Comment 26 Fujii Hironori 2017-03-07 00:54:44 PST
Created attachment 303635 [details]
Patch
Comment 27 Alexey Proskuryakov 2017-03-09 16:13:51 PST
Comment on attachment 303635 [details]
Patch

View in context: https://bugs.webkit.org/attachment.cgi?id=303635&action=review

Looks good to me. Can automated tests be added for this fix?

> Tools/Scripts/webkitpy/layout_tests/controllers/single_test_runner.py:276
> +            error = diff_result[2]

I think that error_string would be a better name, there are too many things that an "error" can contain.

> Tools/Scripts/webkitpy/layout_tests/controllers/single_test_runner.py:344
> +                actual_driver_output.error = (actual_driver_output.error or '') + error

I don't see any other place where we set actual_driver_output.error. Why is this needed?
Comment 28 Fujii Hironori 2017-03-12 22:15:00 PDT
Comment on attachment 303635 [details]
Patch

View in context: https://bugs.webkit.org/attachment.cgi?id=303635&action=review

>> Tools/Scripts/webkitpy/layout_tests/controllers/single_test_runner.py:276
>> +            error = diff_result[2]
> 
> I think that error_string would be a better name, there are too many things that an "error" can contain.

I agree.
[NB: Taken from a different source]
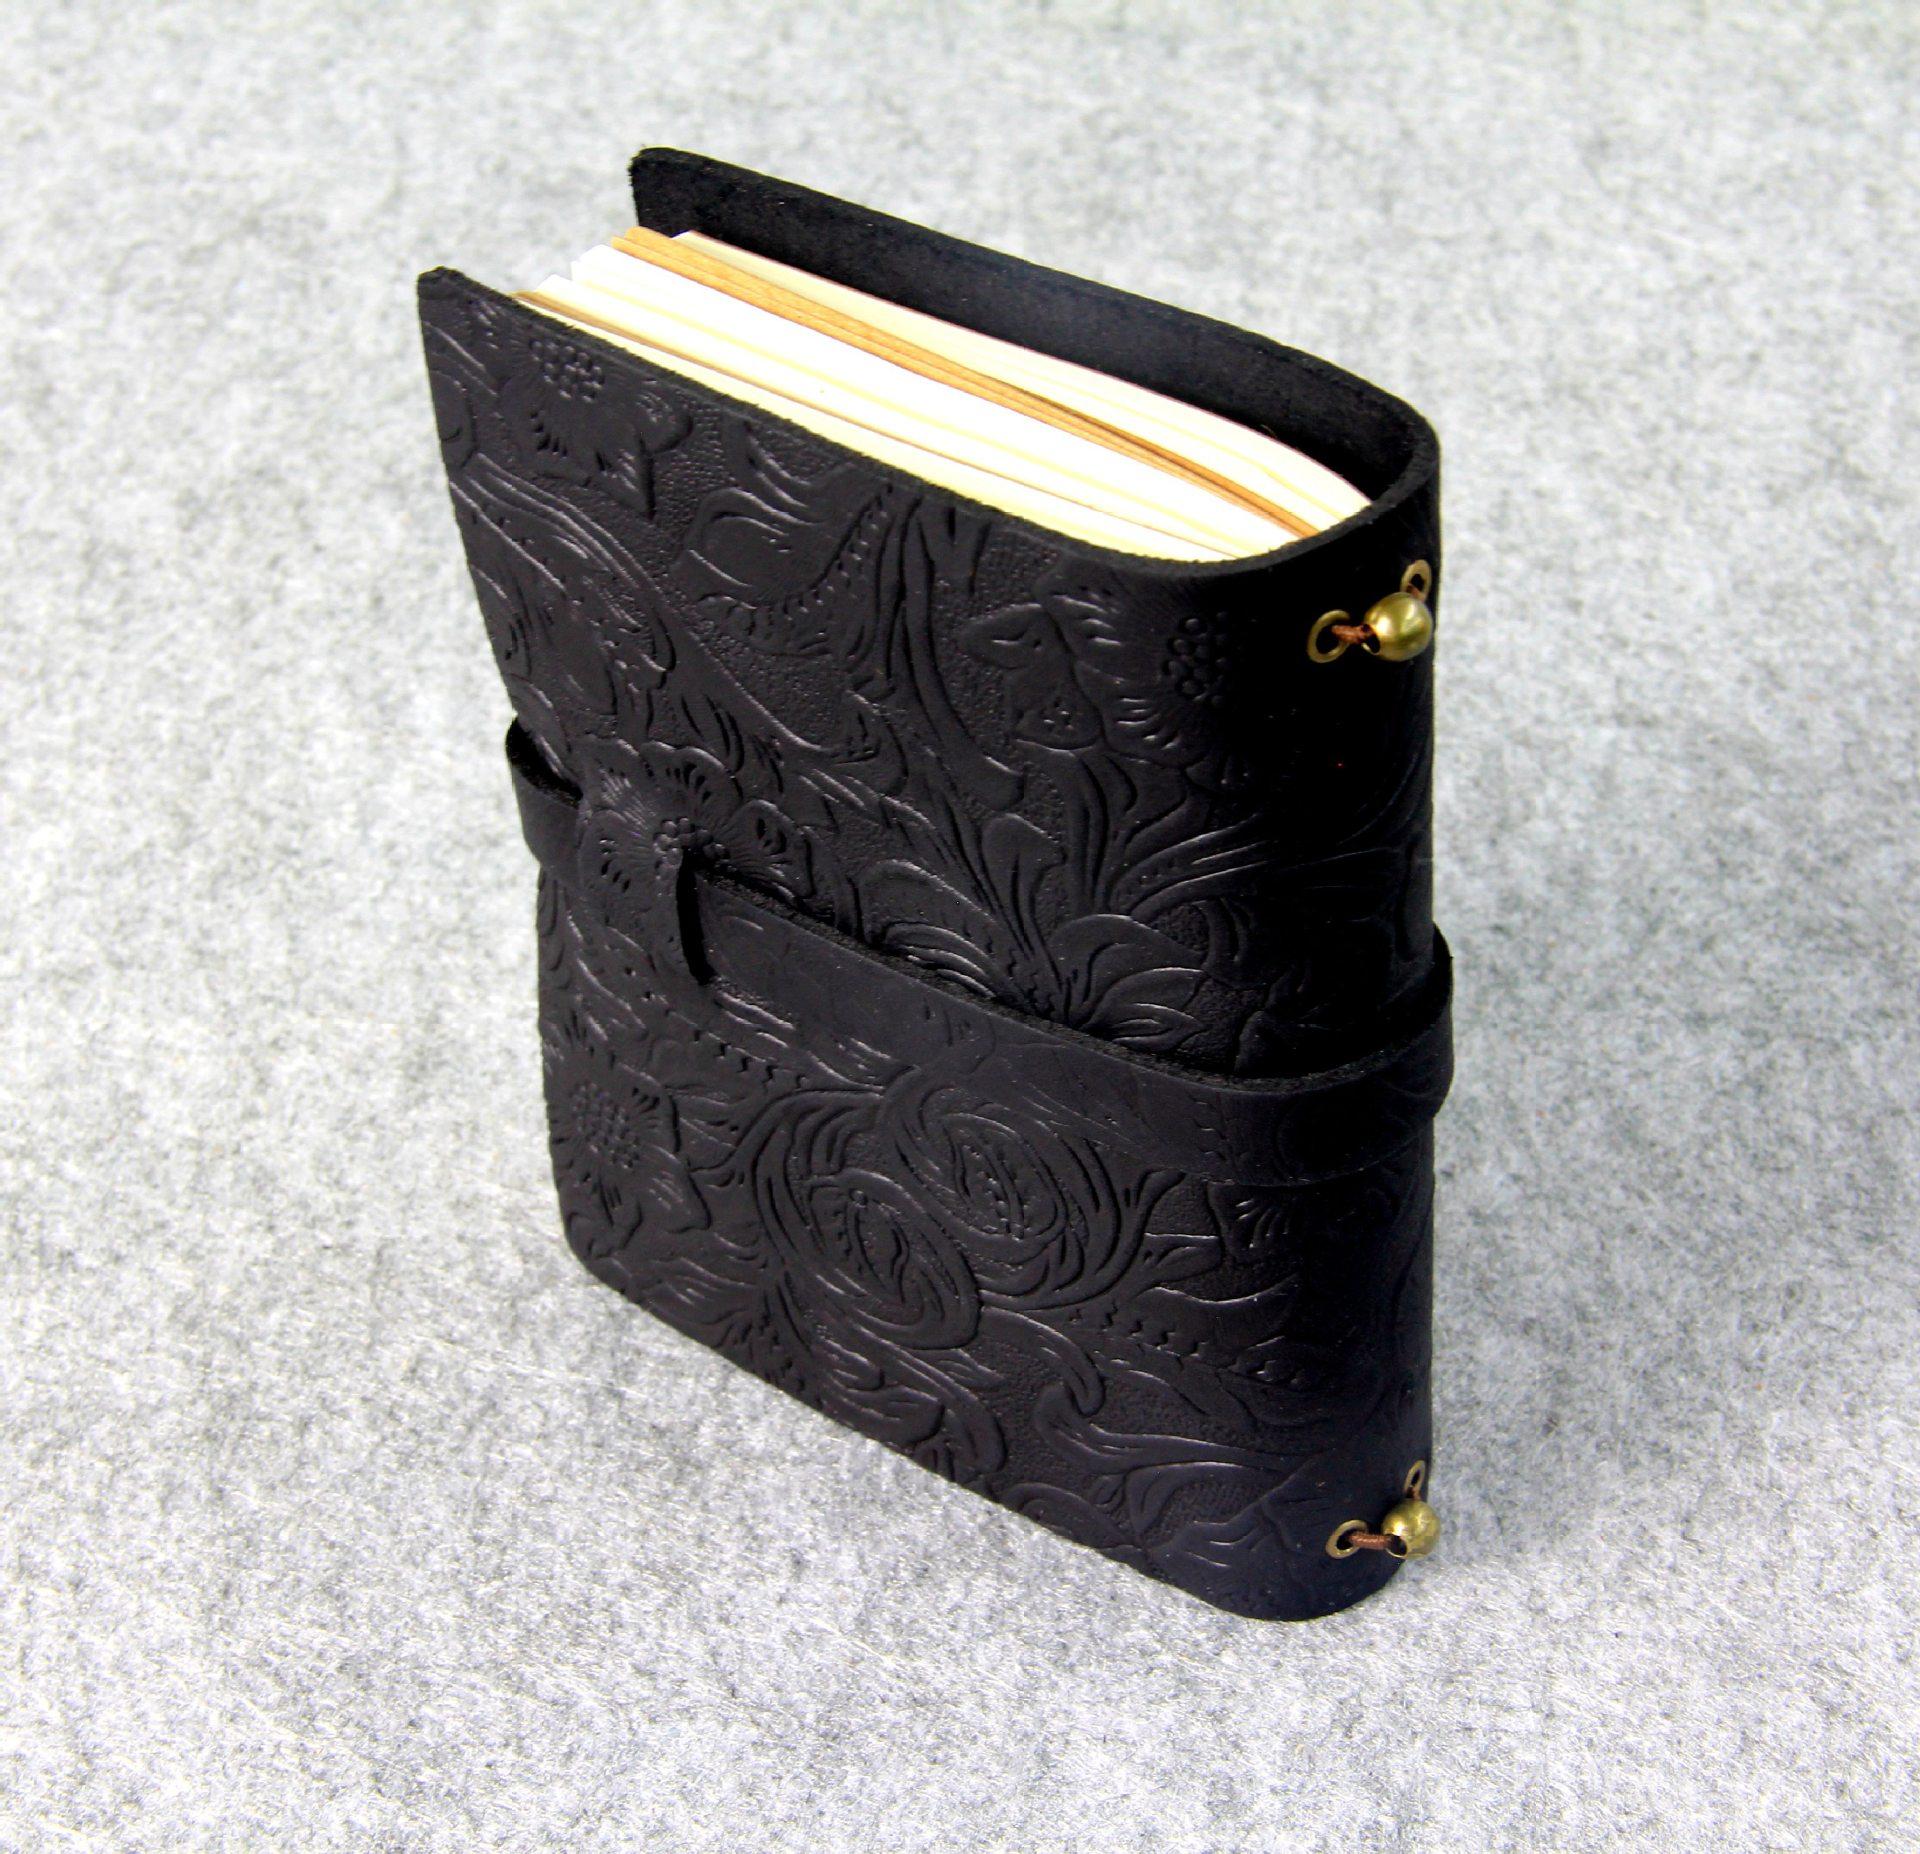 Γνήσιο Δερμάτινο Notebook Ταξιδιώτες - Σημειωματάρια - Φωτογραφία 2

I'll revise.

>> Tools/Scripts/webkitpy/layout_tests/controllers/single_test_runner.py:344
>> +                actual_driver_output.error = (actual_driver_output.error or '') + error
> 
> I don't see any other place where we set actual_driver_output.error. Why is this needed?

actual_driver_output is the return value of self._driver.run_test.
Then, actual_driver_output.error may contain a error of executing WTR for actual case.
Comment 29 Fujii Hironori 2017-03-12 22:23:23 PDT
(In reply to comment #27)
> Looks good to me. Can automated tests be added for this fix?

I don't think so. I have no idea.
Comment 30 Fujii Hironori 2017-03-12 22:32:32 PDT
Created attachment 304227 [details]
Patch
Comment 31 Alexey Proskuryakov 2017-03-12 23:35:18 PDT
CC'ing some folks who may have an idea for how to make a regression test for this fix.
Comment 32 WebKit Commit Bot 2017-03-14 11:22:09 PDT
Comment on attachment 304227 [details]
Patch

Clearing flags on attachment: 304227

Committed r213918: <http://trac.webkit.org/changeset/213918>
Comment 33 WebKit Commit Bot 2017-03-14 11:22:19 PDT
All reviewed patches have been landed.  Closing bug.